What the task asks —
Return the listing below exactly, with the pictures dropped.

Data segment —

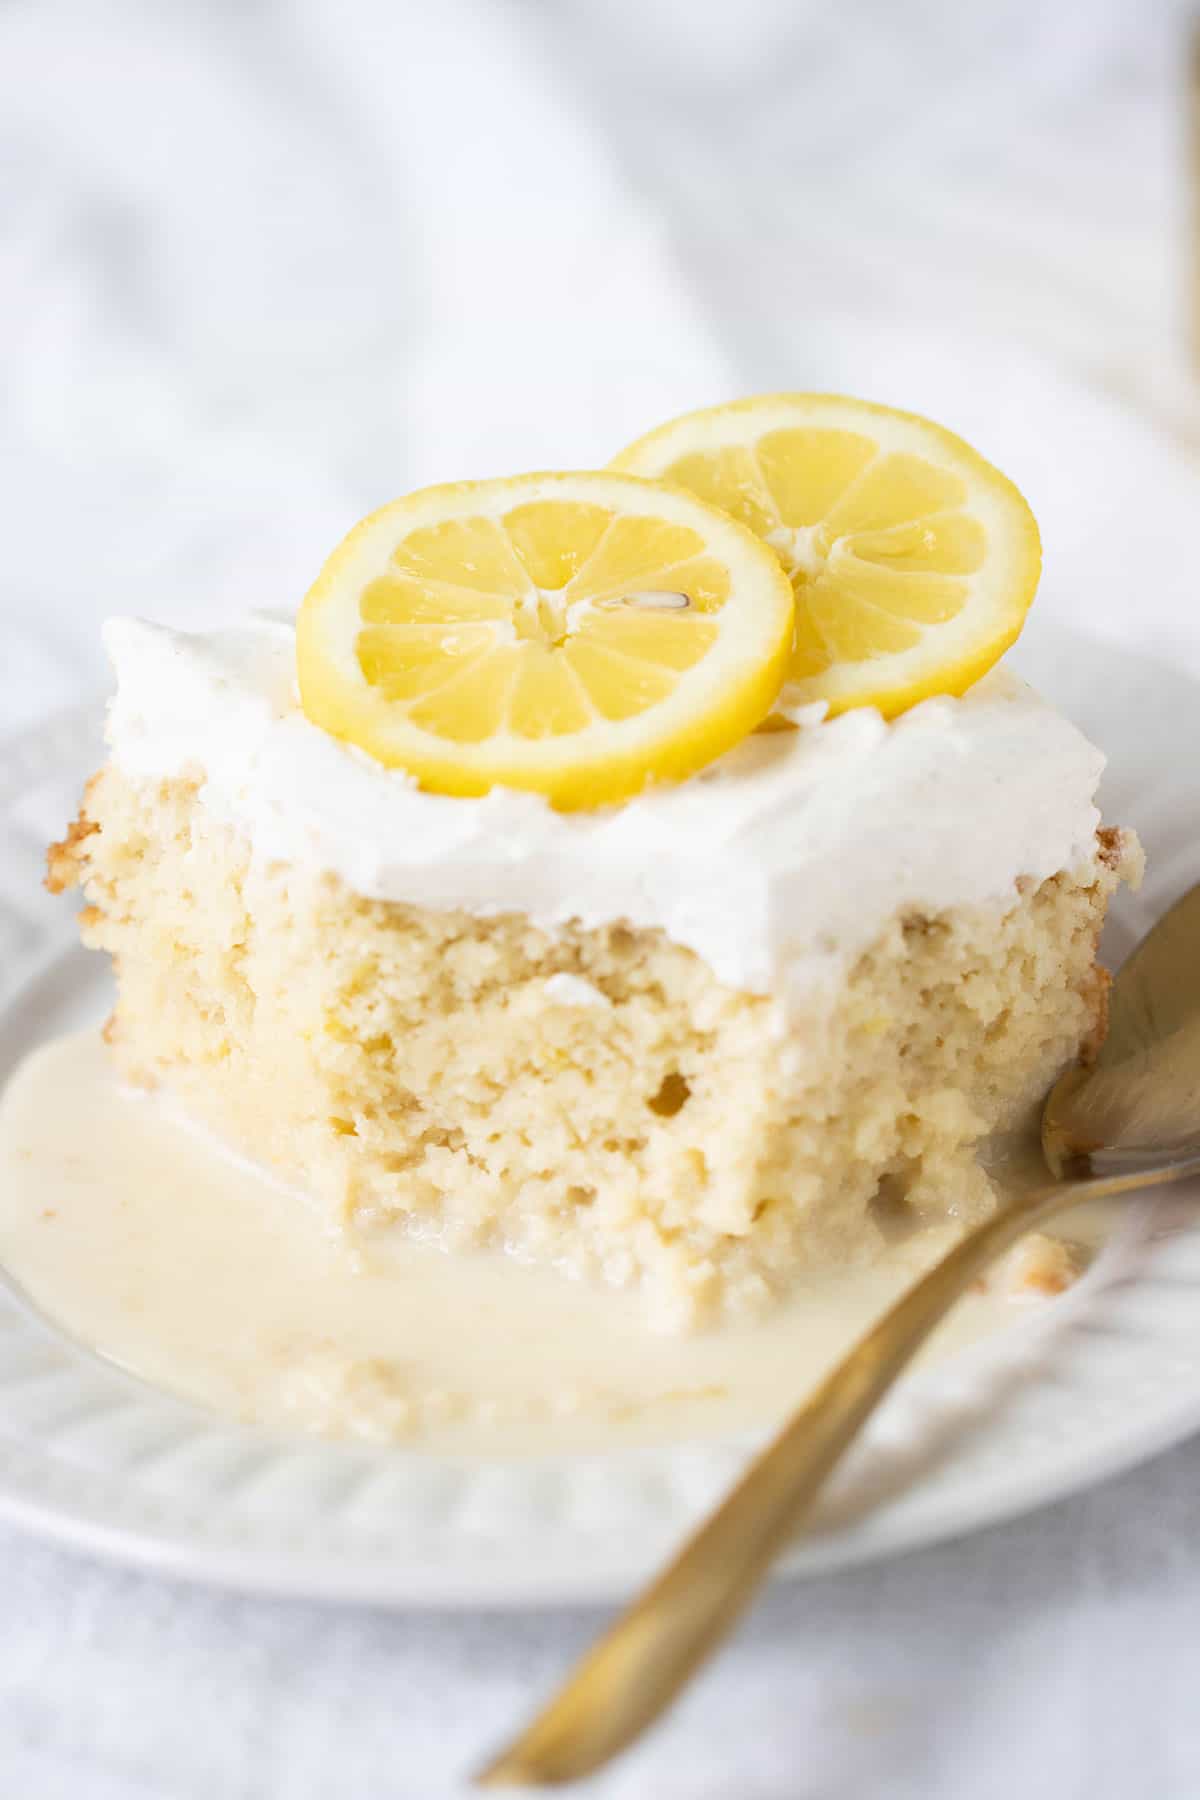 pedazo de torta tres eches de limon con una cuchara de oro sobre un plato blanco.
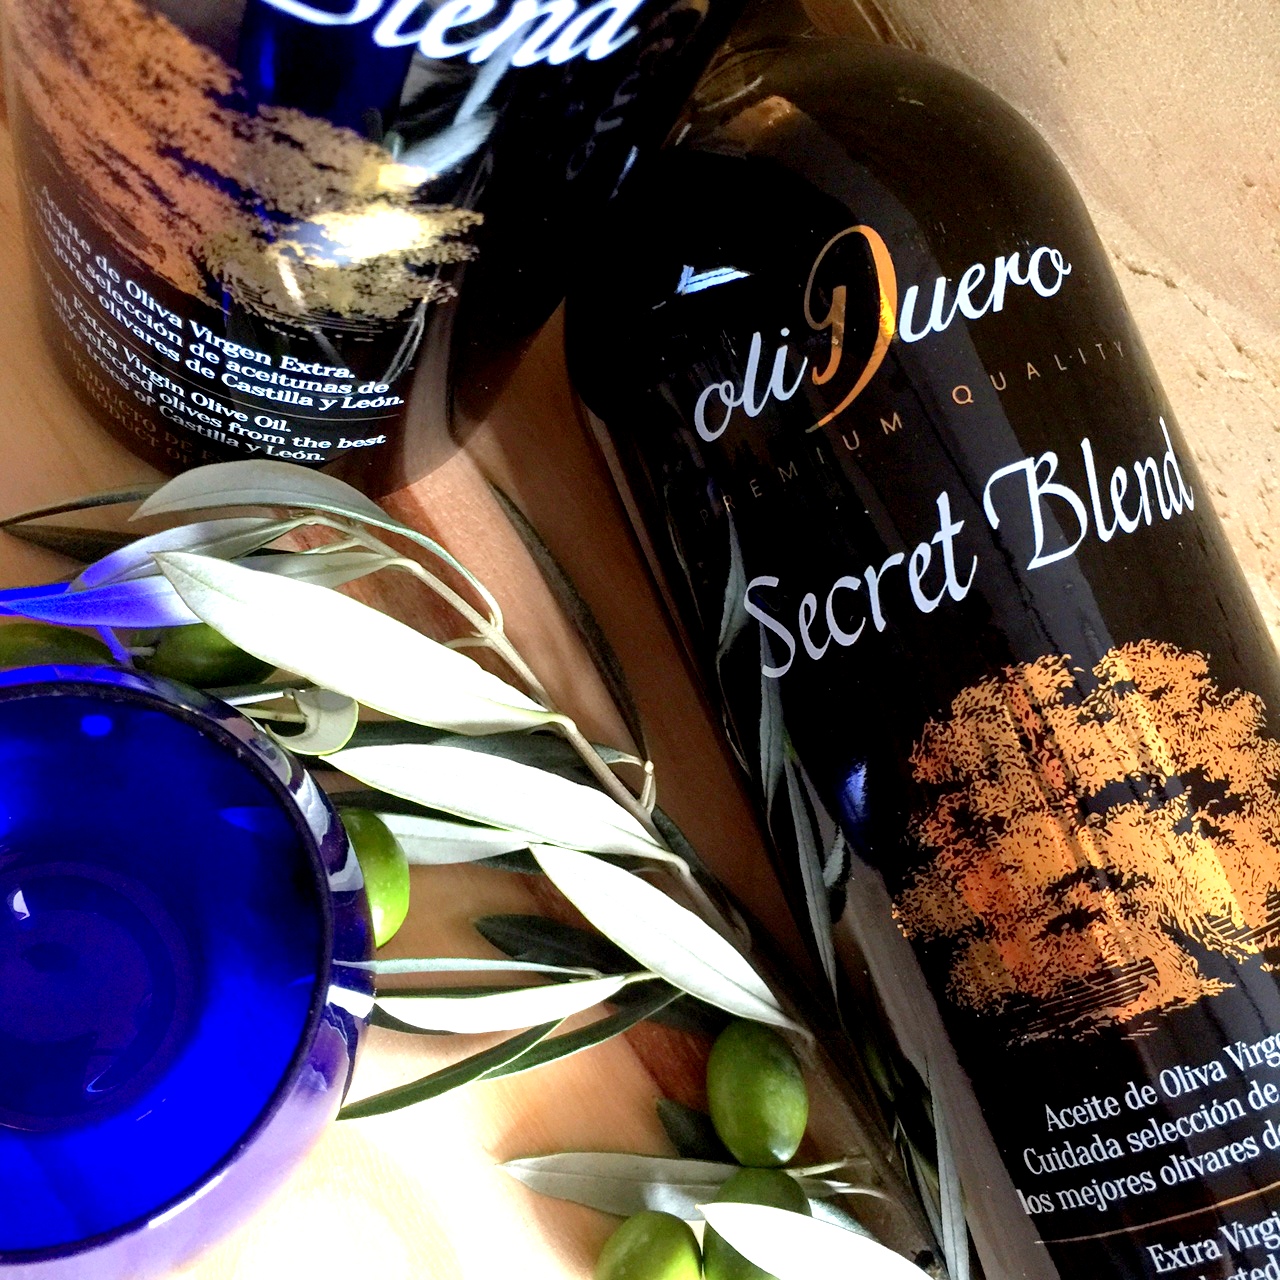 Aceite de oliva virgen extra - Oliduero Secret Blend
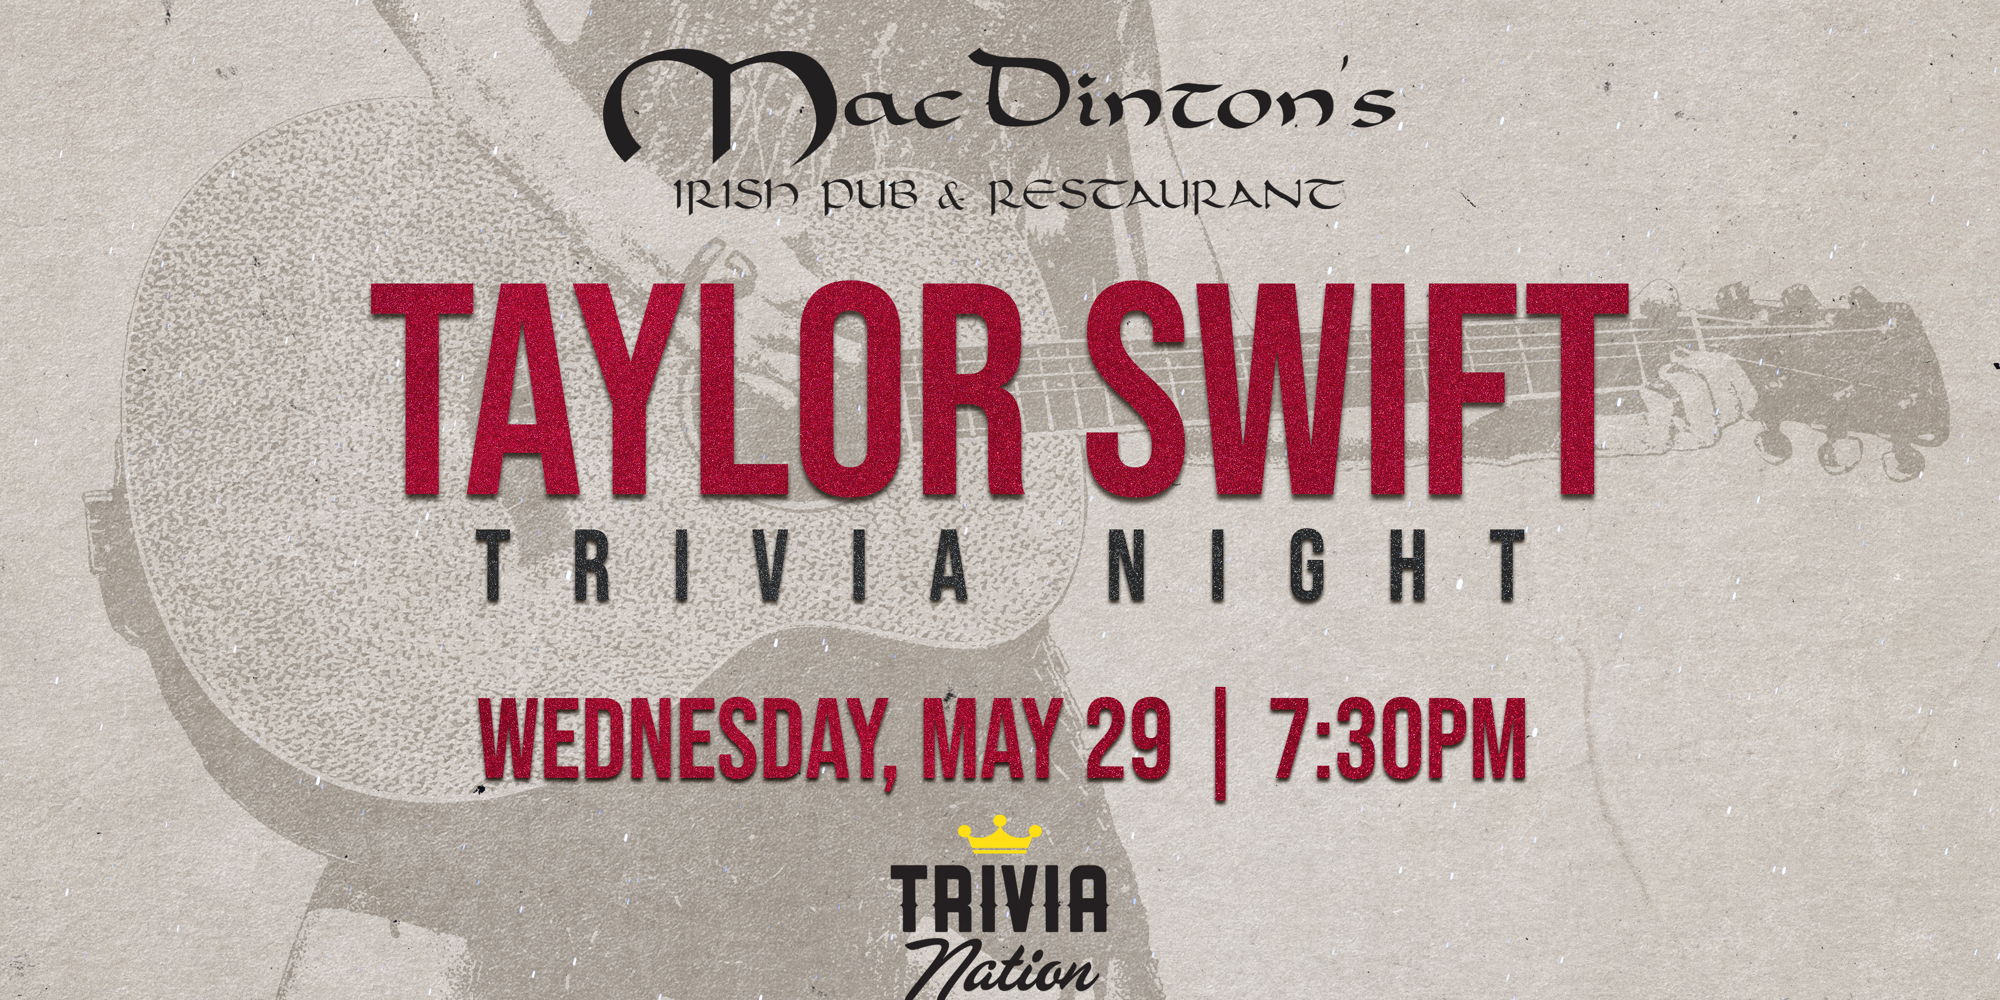 Taylor Swift Trivia Night promotional image

Problem solution —
 pedazo de torta tres eches de limon con una cuchara de oro sobre un plato blanco.
 Aceite de oliva virgen extra - Oliduero Secret Blend
 Taylor Swift Trivia Night promotional image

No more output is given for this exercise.